WHAT IS NEEDED: A faithful copy is required. Print each line of the data exactly and omit the pictures.

PROVIDED DATA:
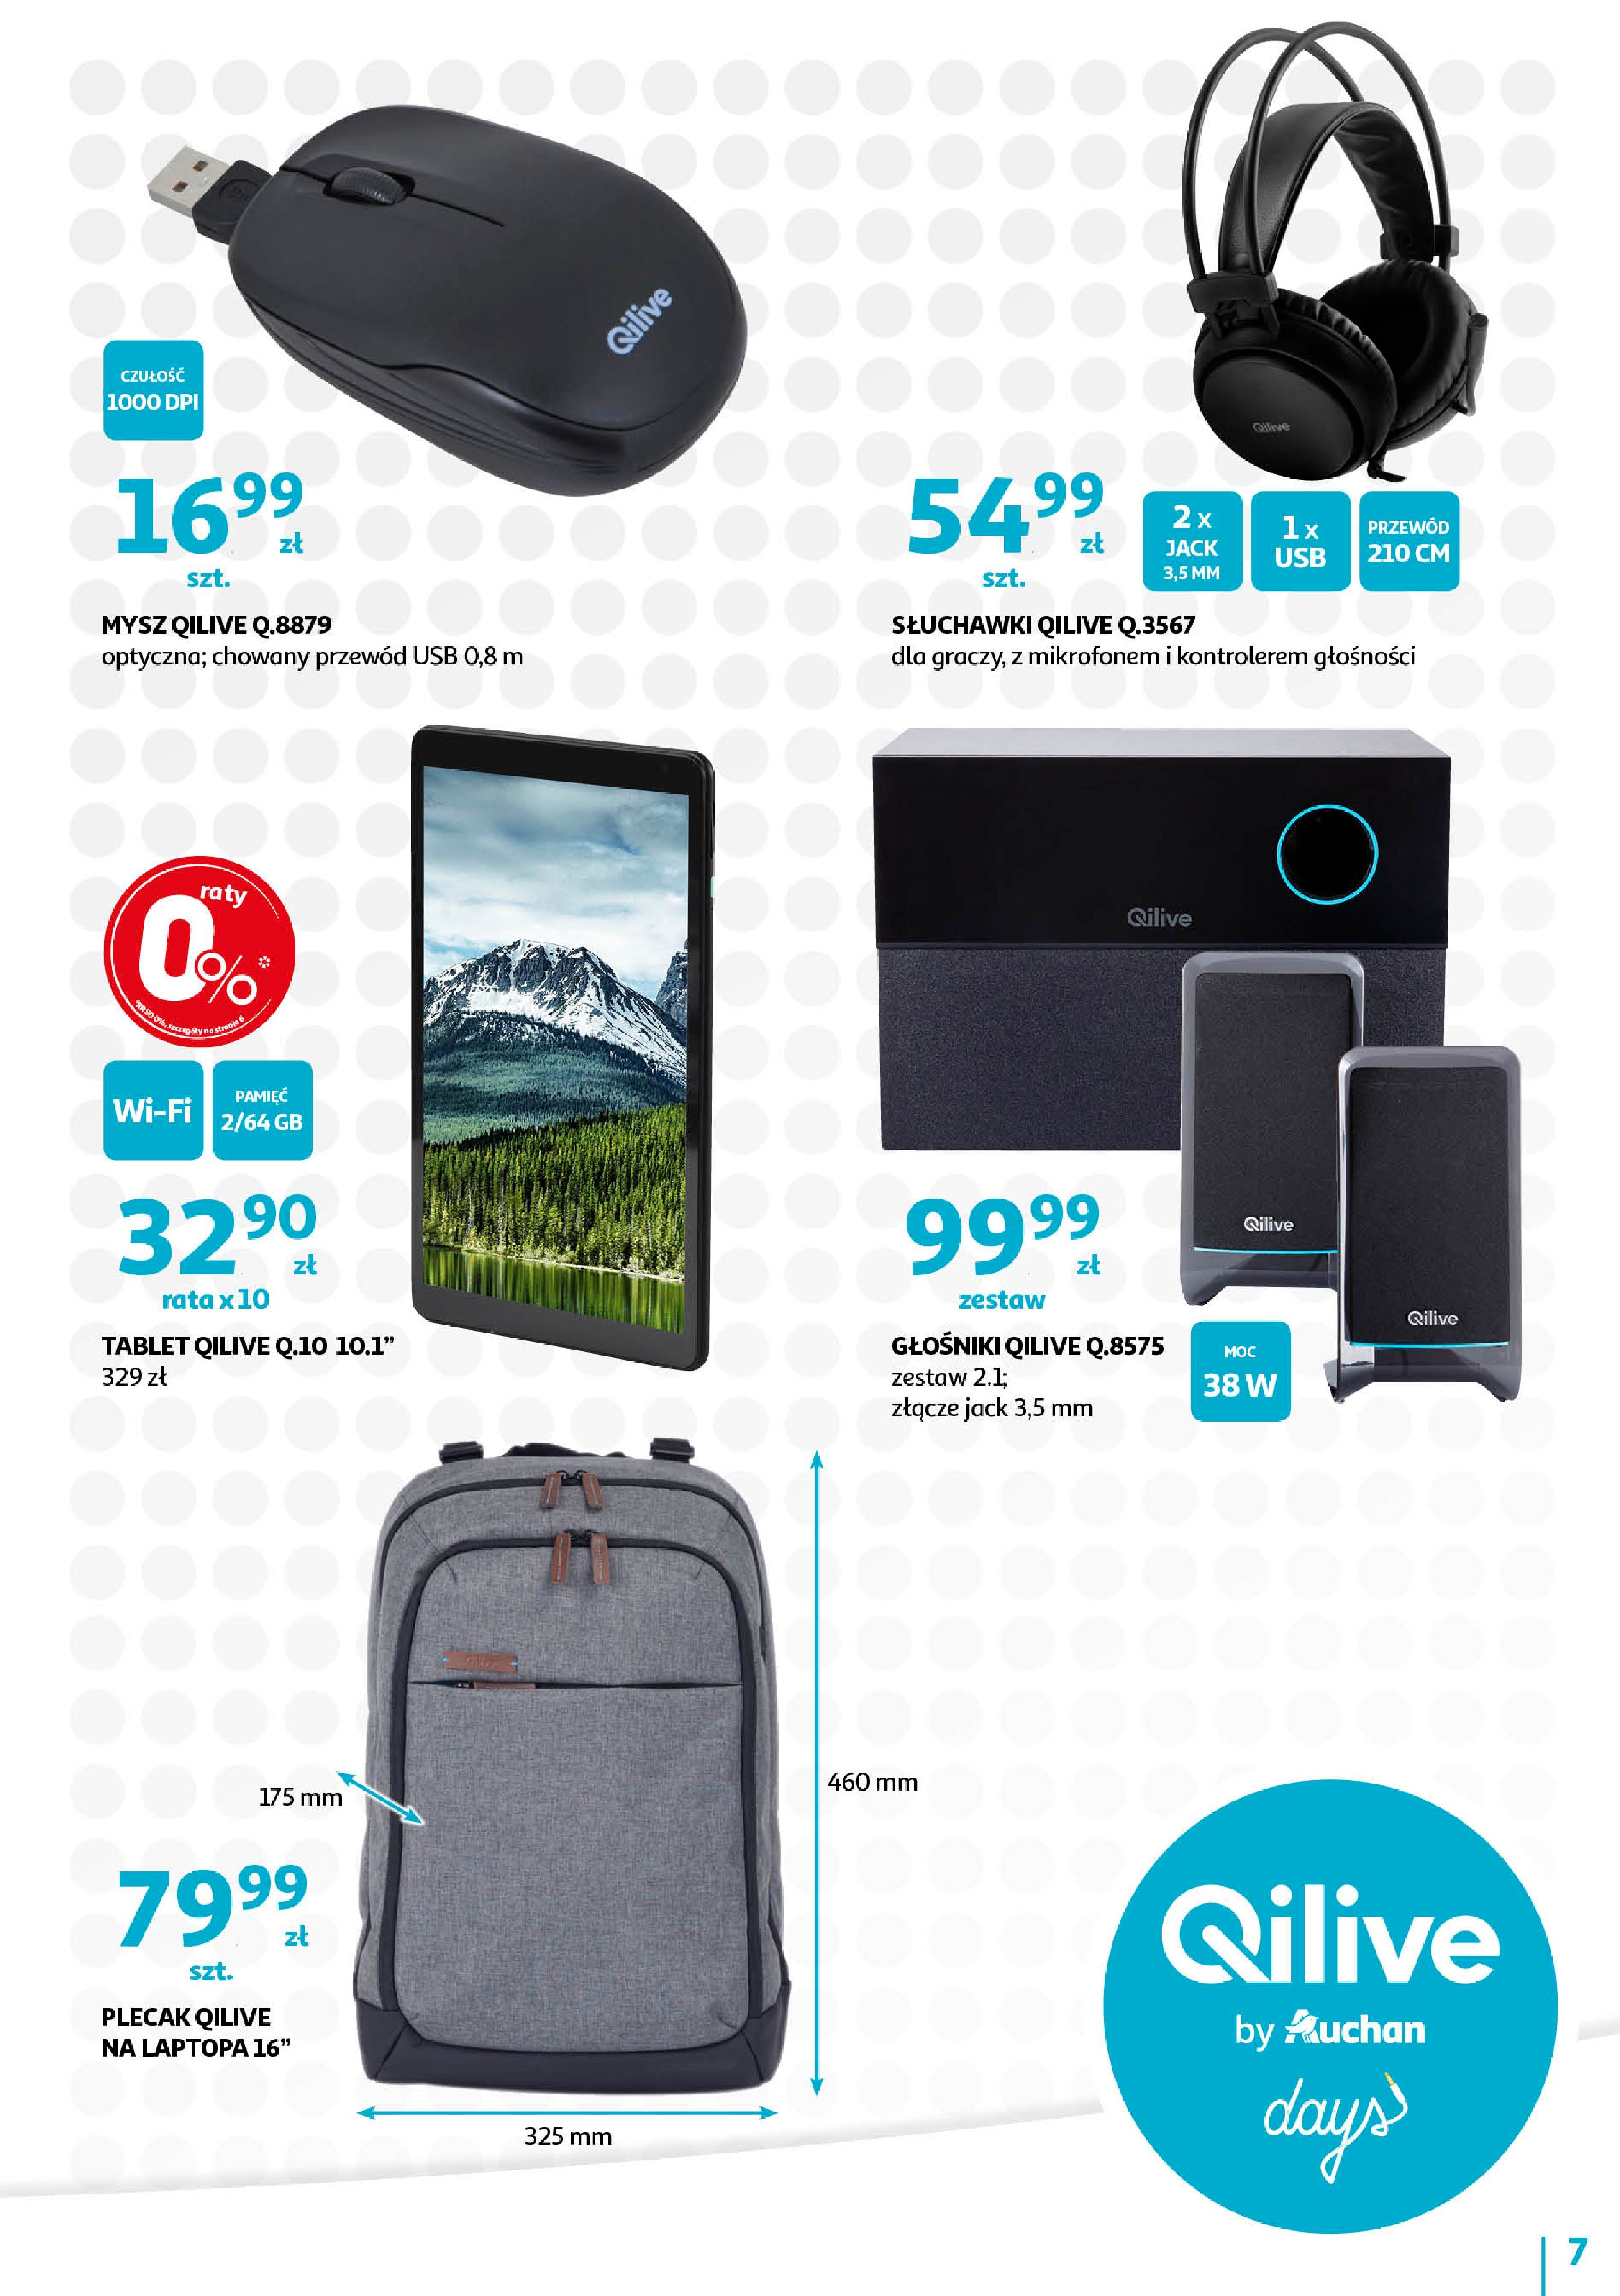 Gazetka Auchan - QILIVE byAuchan days  Hipermarkety-11.09.2019-21.09.2019-page-7
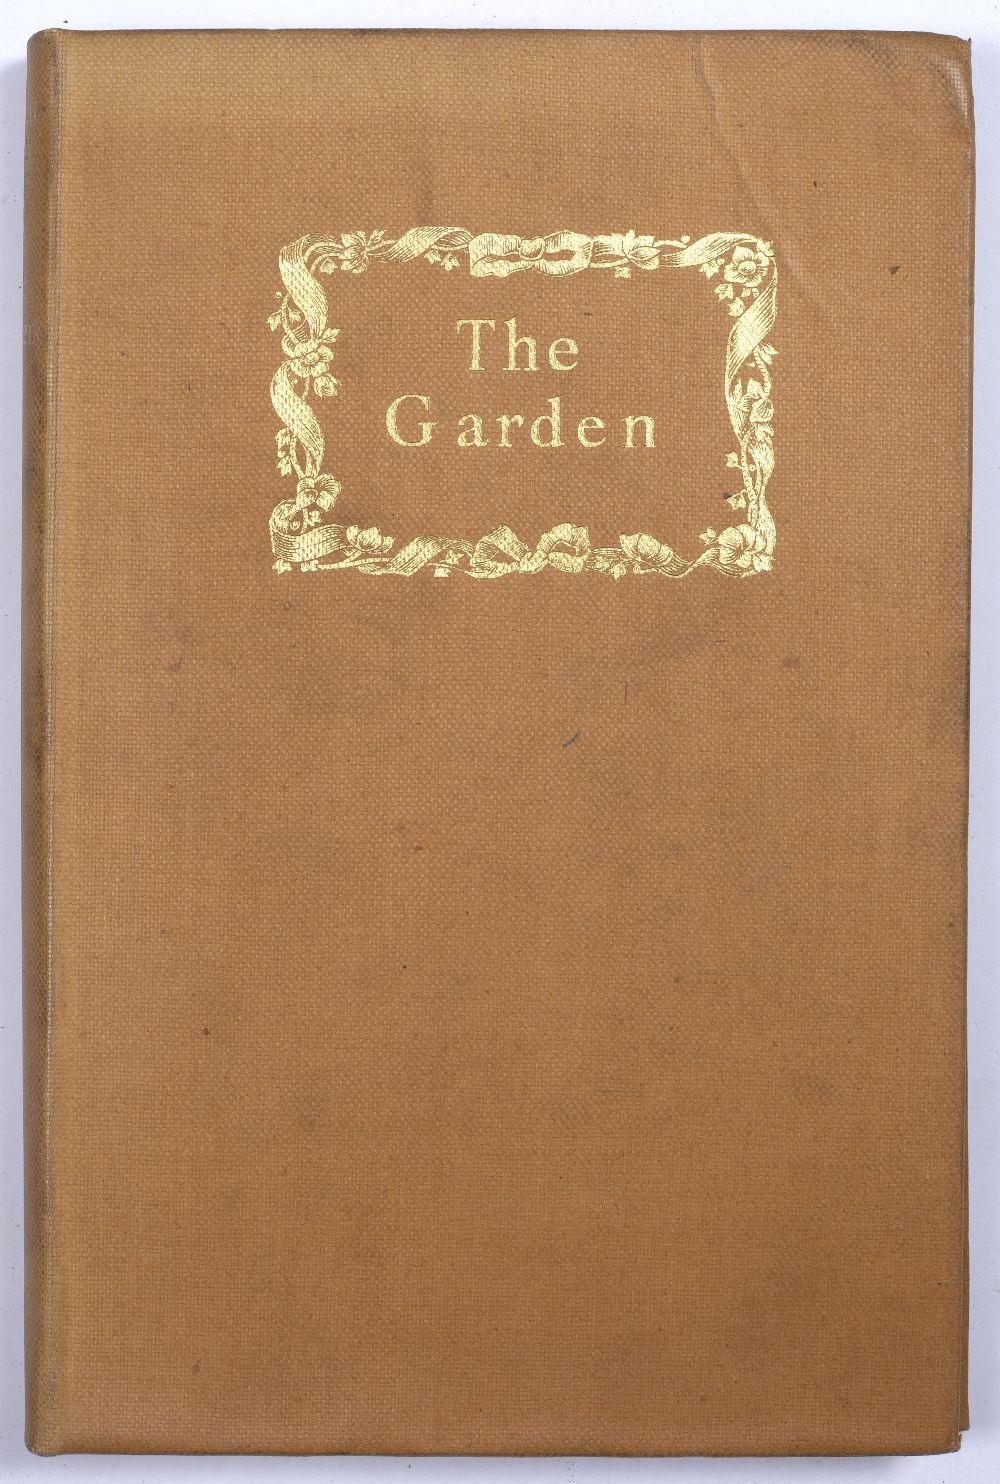 SACKVILLE-WEST, Vita, Lady Nicholson (1892-1962), English Poet, 'The Garden'. 5 seasonal poems
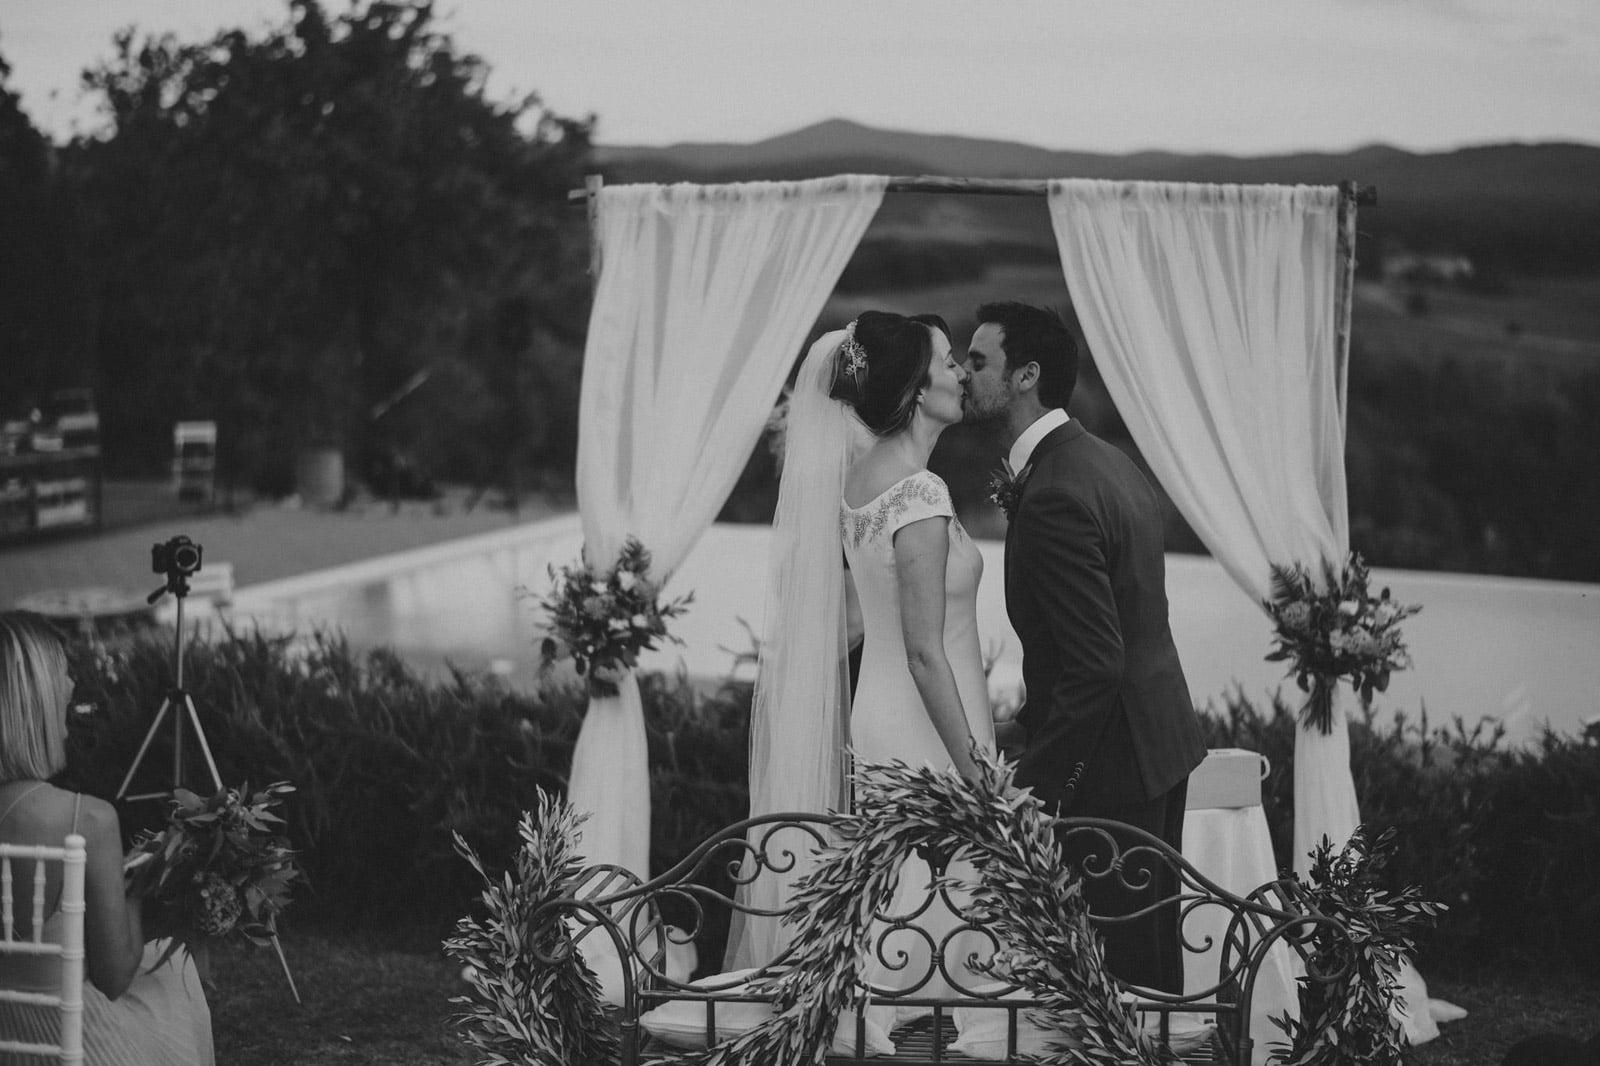 064-wedding-tuscany-san-galgano-federico-pannacci-photographer

OUTPUT BELOW:
 Gazetka Auchan - QILIVE byAuchan days  Hipermarkety-11.09.2019-21.09.2019-page-7
 SACKVILLE-WEST, Vita, Lady Nicholson (1892-1962), English Poet, 'The Garden'. 5 seasonal poems
 064-wedding-tuscany-san-galgano-federico-pannacci-photographer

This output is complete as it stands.